-- Dataset section follows --

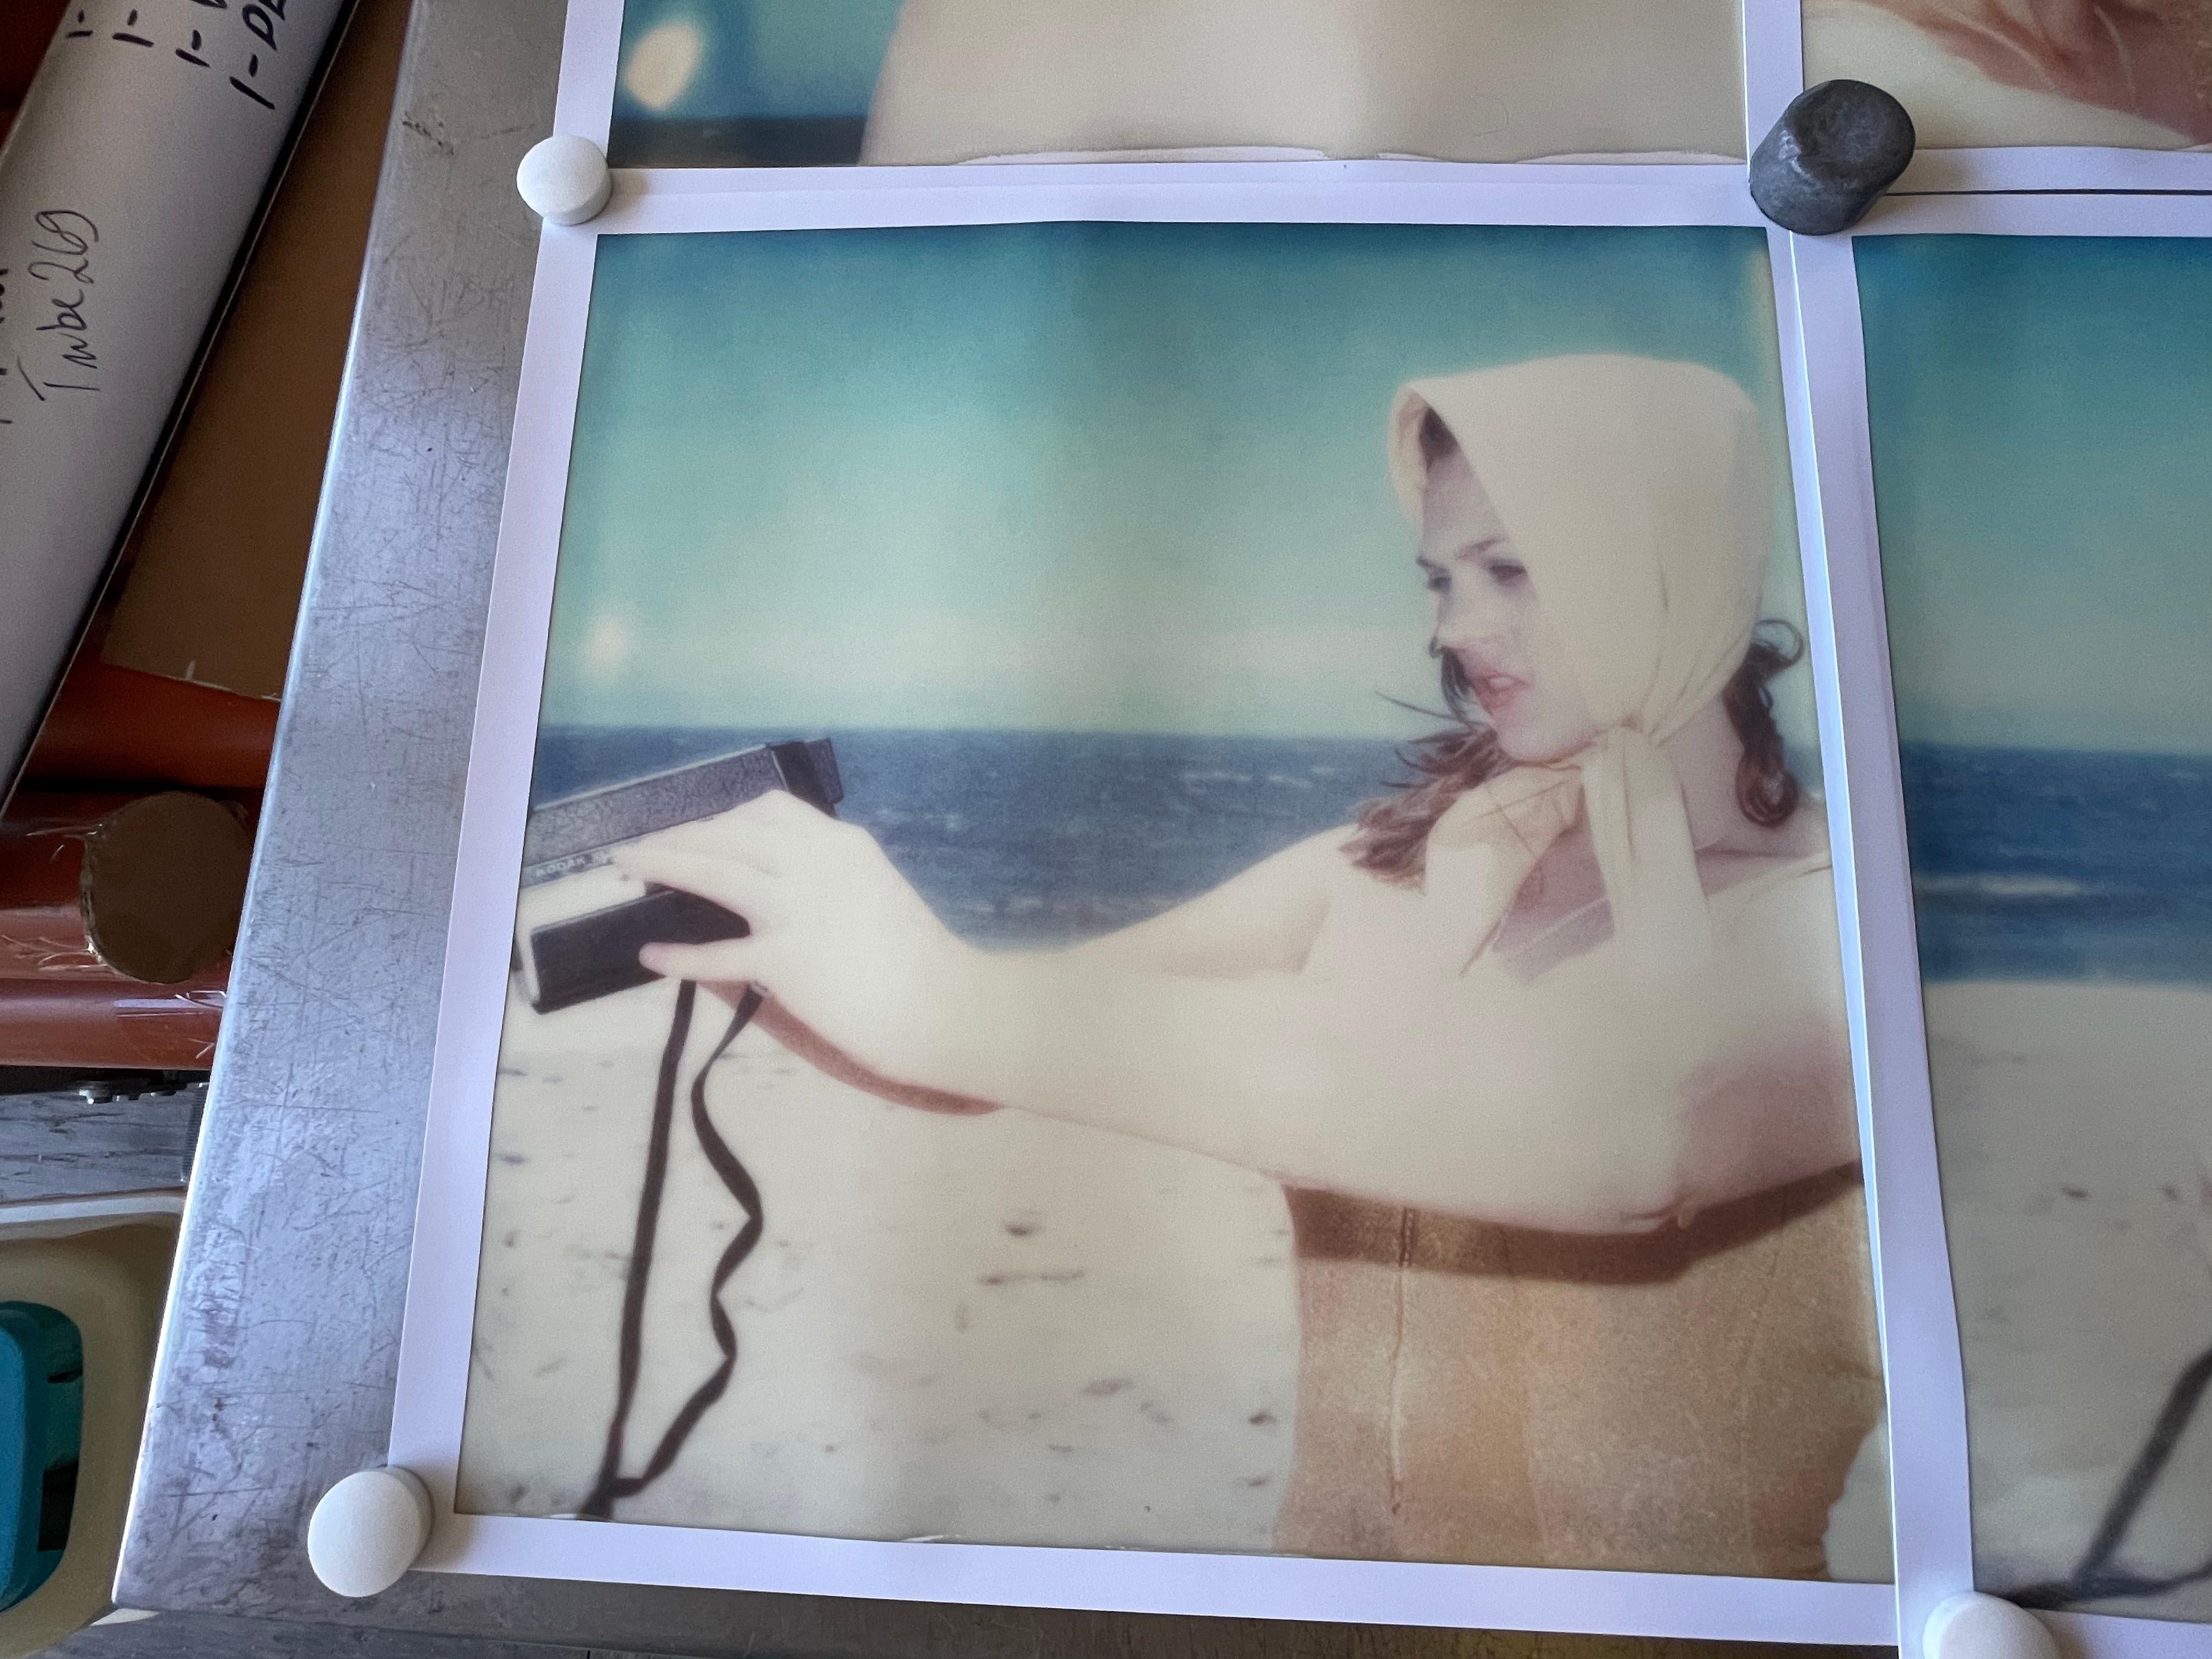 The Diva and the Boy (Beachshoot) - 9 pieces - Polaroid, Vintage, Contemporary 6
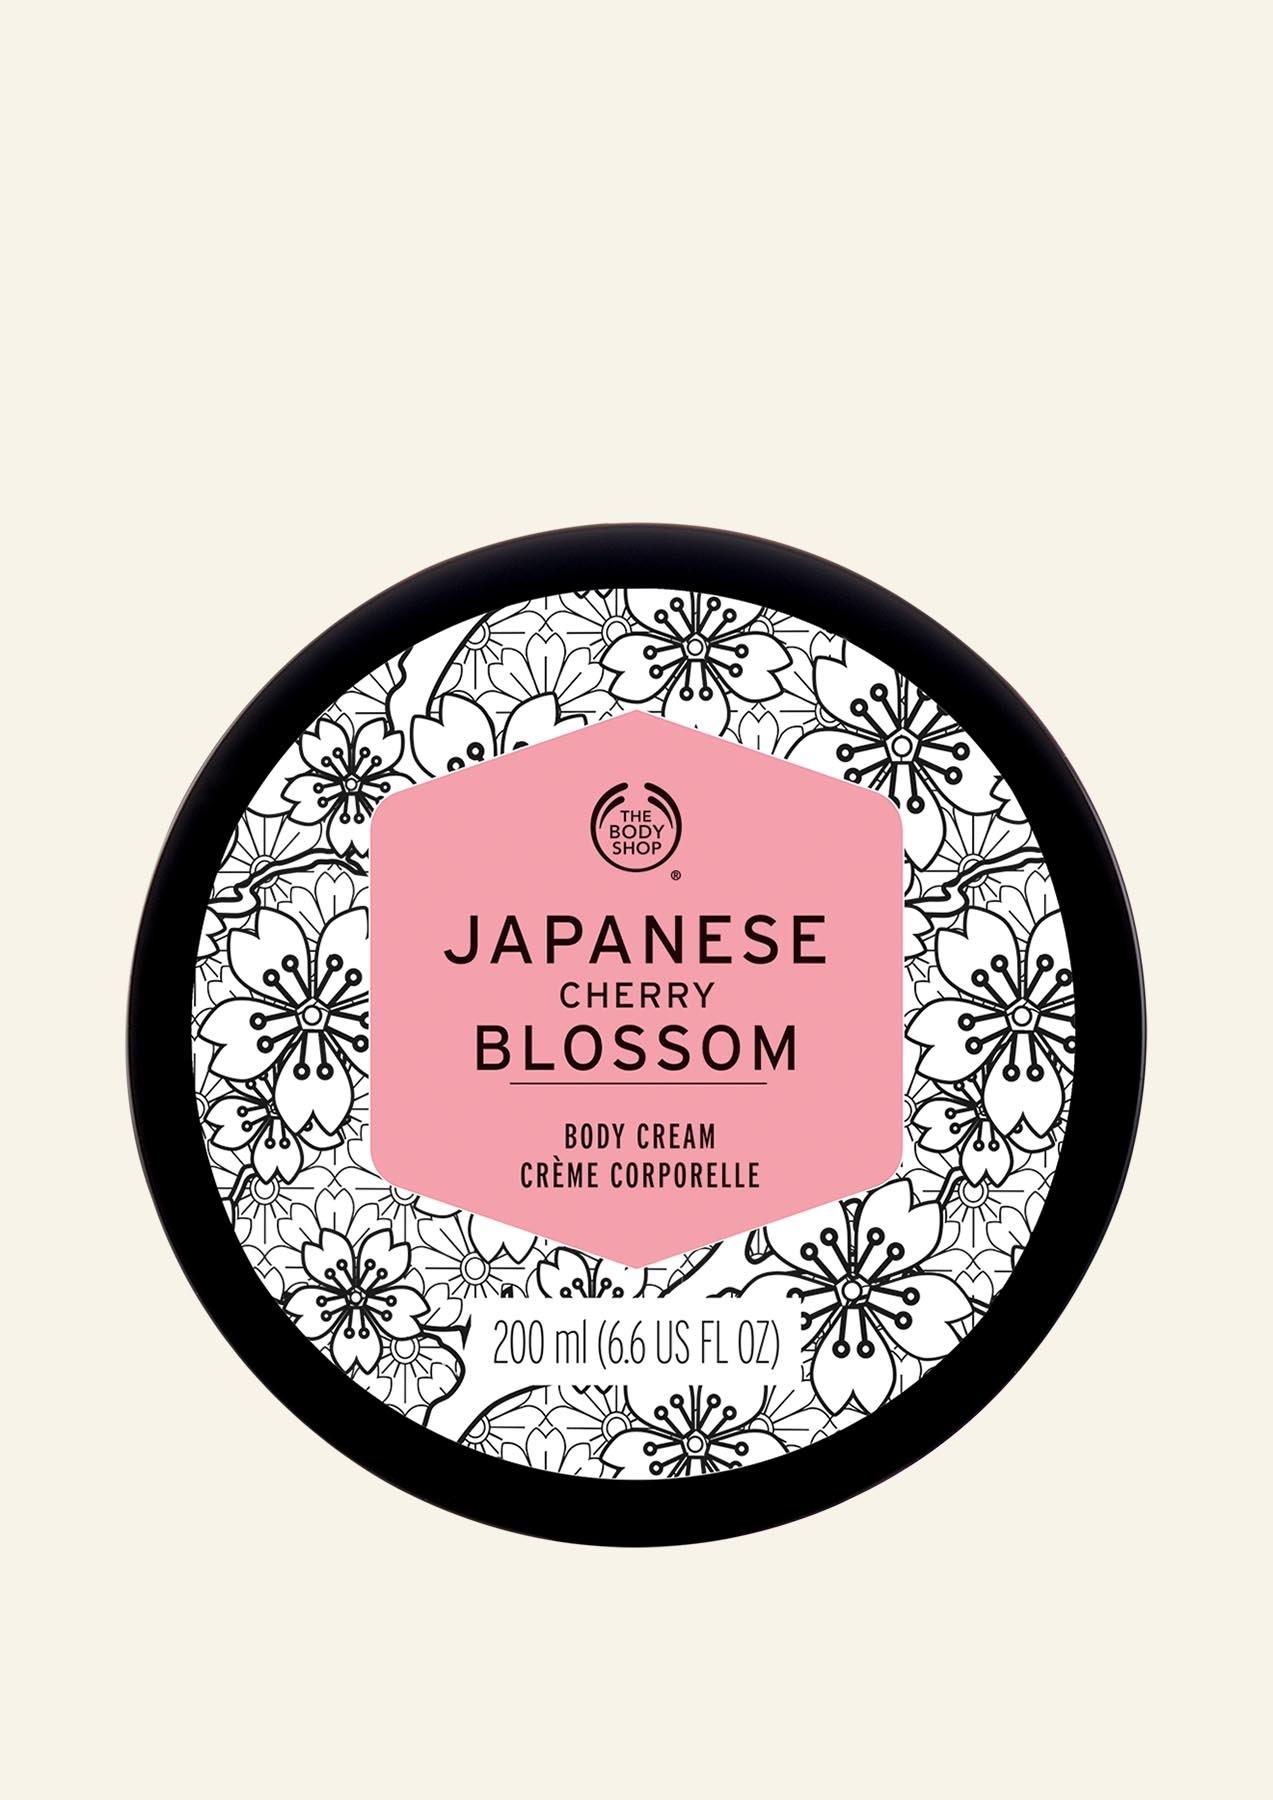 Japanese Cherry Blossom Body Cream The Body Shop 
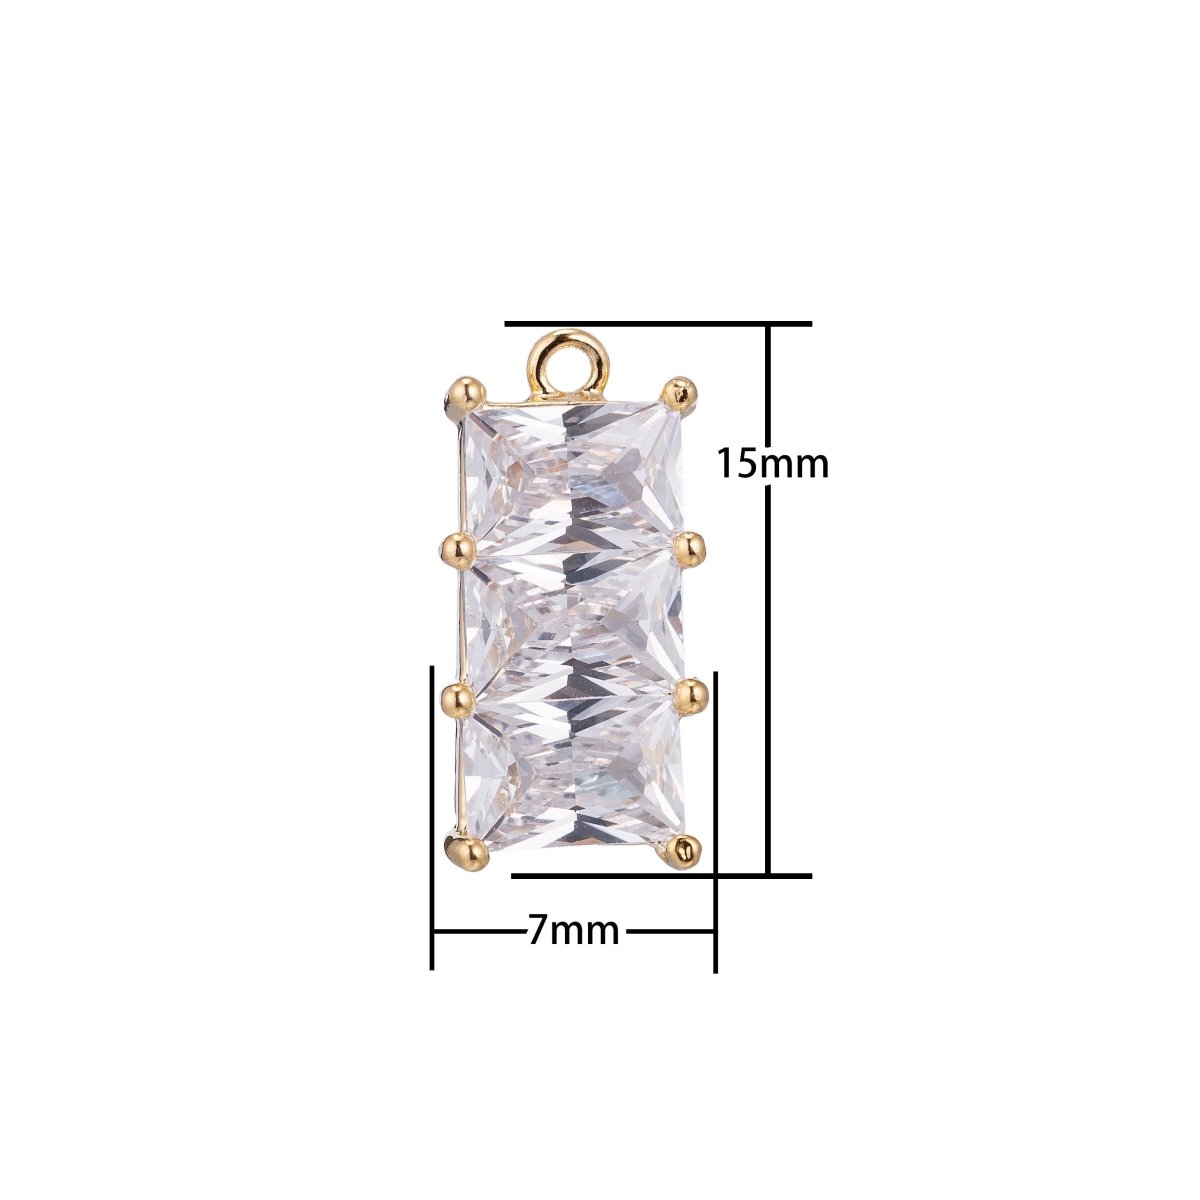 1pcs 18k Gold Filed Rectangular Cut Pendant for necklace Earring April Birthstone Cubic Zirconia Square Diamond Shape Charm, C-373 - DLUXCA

-- Dataset section concluded --

Required work: Only the pictures are to be left out; write out all the other data exactly.

Output of the exercise:
 The Diva and the Boy (Beachshoot) - 9 pieces - Polaroid, Vintage, Contemporary 6
 Japanese Cherry Blossom Body Cream The Body Shop 
 1pcs 18k Gold Filed Rectangular Cut Pendant for necklace Earring April Birthstone Cubic Zirconia Square Diamond Shape Charm, C-373 - DLUXCA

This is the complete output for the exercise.